Bien sûr, Walt Disney l’a tout de suite compris : Donald Duck est un personnage bien plus complexe comparé à son Mickey Mouse. Il n’est pas parfait, mais c’est exactement pour cela qu’il est si adorable. Donald est souvent colérique, parfois désespéré, même dans son exubérance il est au bord de la dépression nerveuse. Mais il est, et c’est crucial, toujours plein d’espoir.

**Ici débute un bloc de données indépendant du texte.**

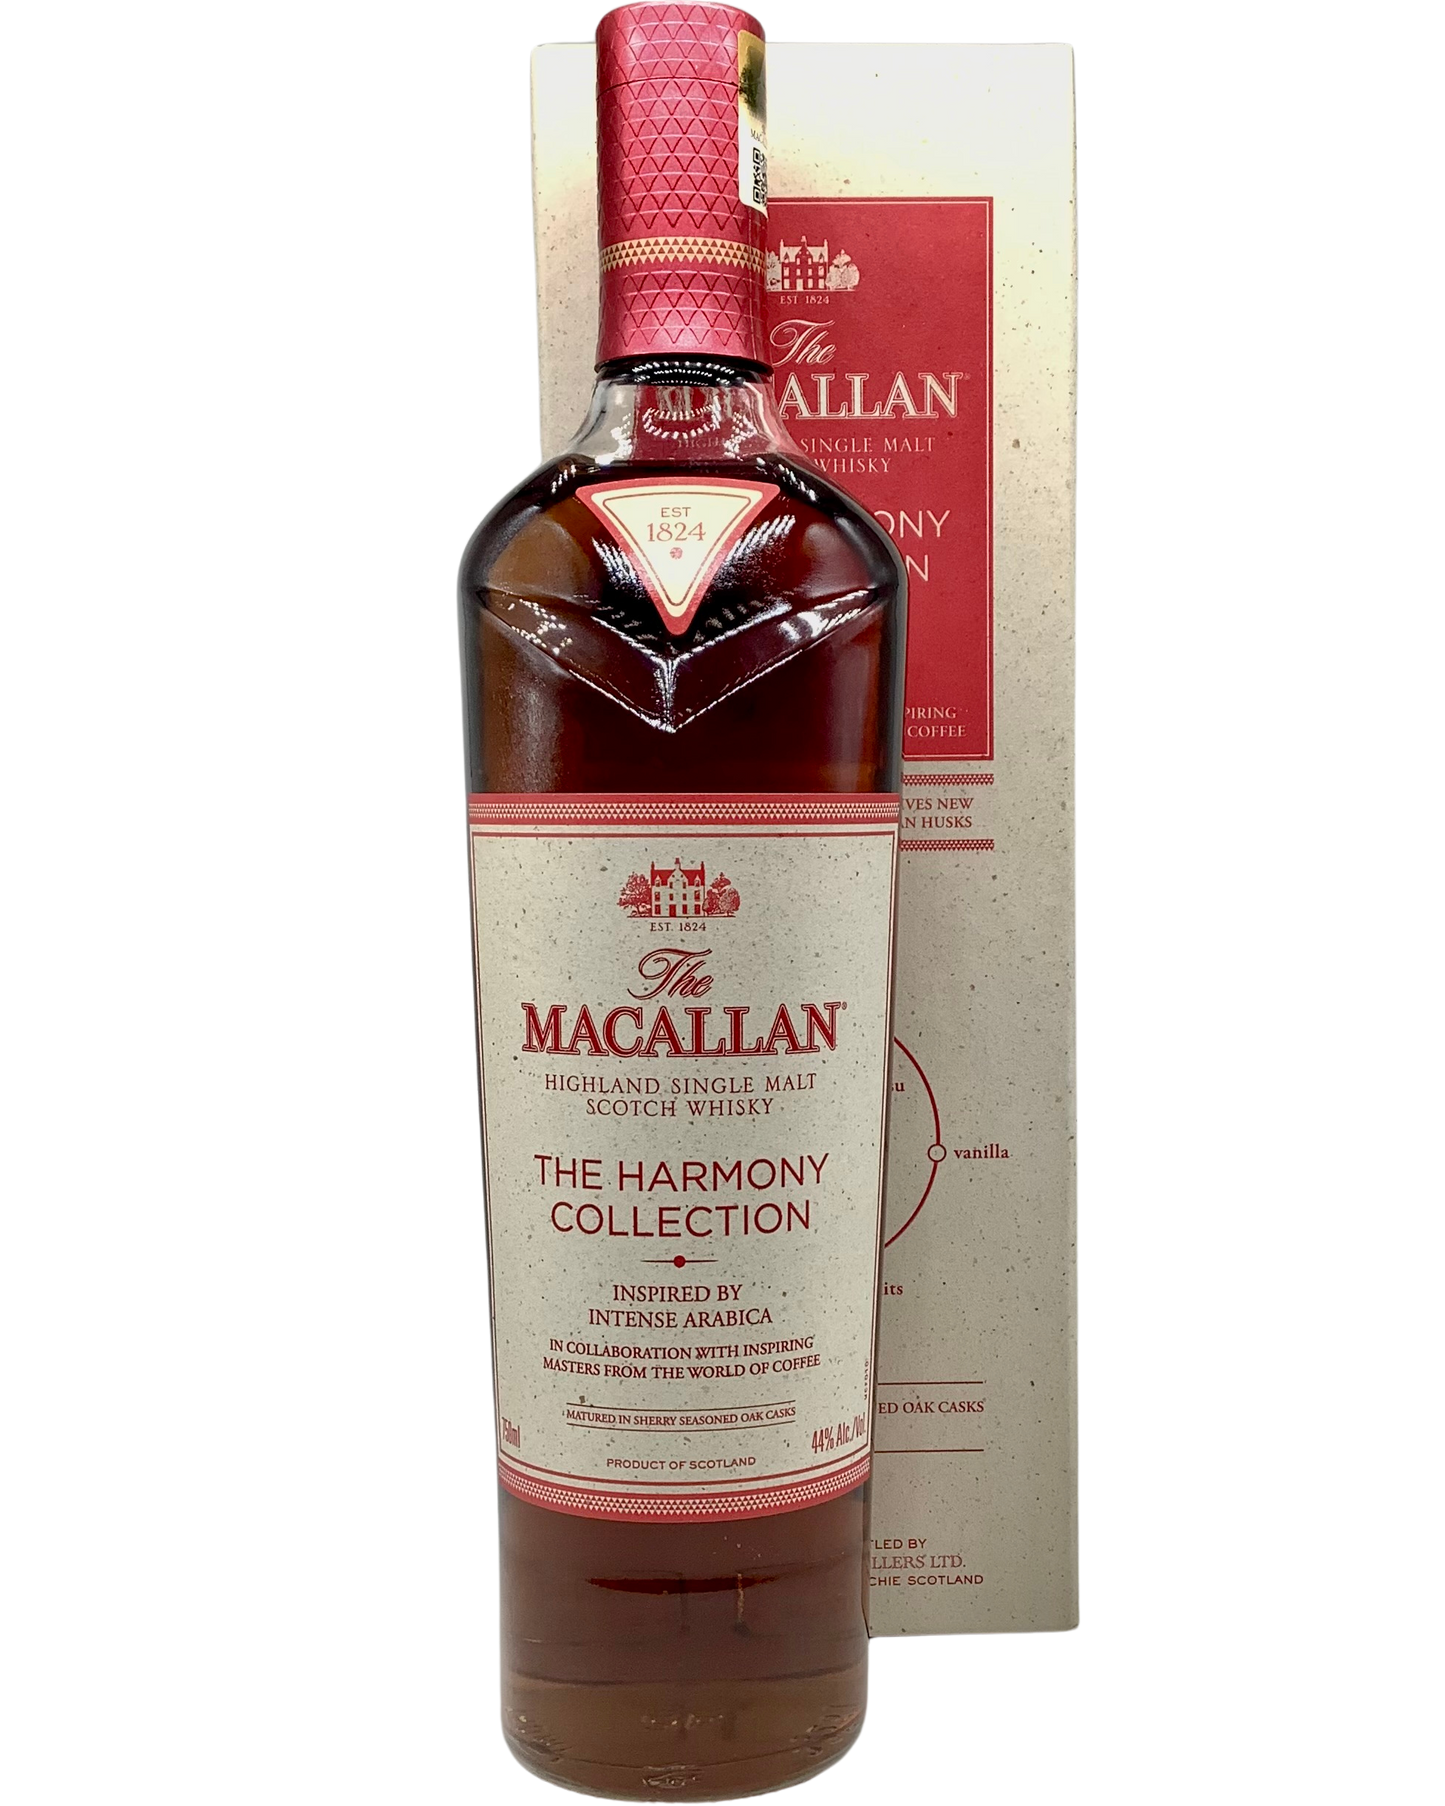 The Macallan Harmony Collection "Intense Arabica" Single Malt Scotch Whisky newarrival

Même avant que Charles M. Schulz n’exploite d’innombrables facettes de la mécanique de précision de l’échec dans la vie avec ses « Peanuts », le dragon dessiné a marqué un tournant dans l’industrie de l’image en tant que symbole de l’éternité humaine. Dans les dessins animés, les sympathies étaient toujours clairement divisées jusqu’à sa première apparition dans l’épisode de Silly Symphony « La petite poule sage » (juin 1934). Il y avait des gagnants brillants qui ont triomphé des méchants et autres idiots intelligemment et souvent en recourant à la pure violence. Donald Duck s’est développé différemment.
Il lui faudra encore du temps pour devenir le personnage principal, mais dès 1937, il tombe amoureux de sa Daisy, qu’il courtisera ensuite, parfois avec de la chance, mais souvent sans perspective de succès. Un an plus tard, ses neveux Huey, Dewey et Louie étaient à ses côtés. Le début d’une constellation familiale complexe qui, au plus tard avec l’apparition de Scrooge McDuck, s’est transformée en métaphore sociale et a suscité des traités psychanalytiques.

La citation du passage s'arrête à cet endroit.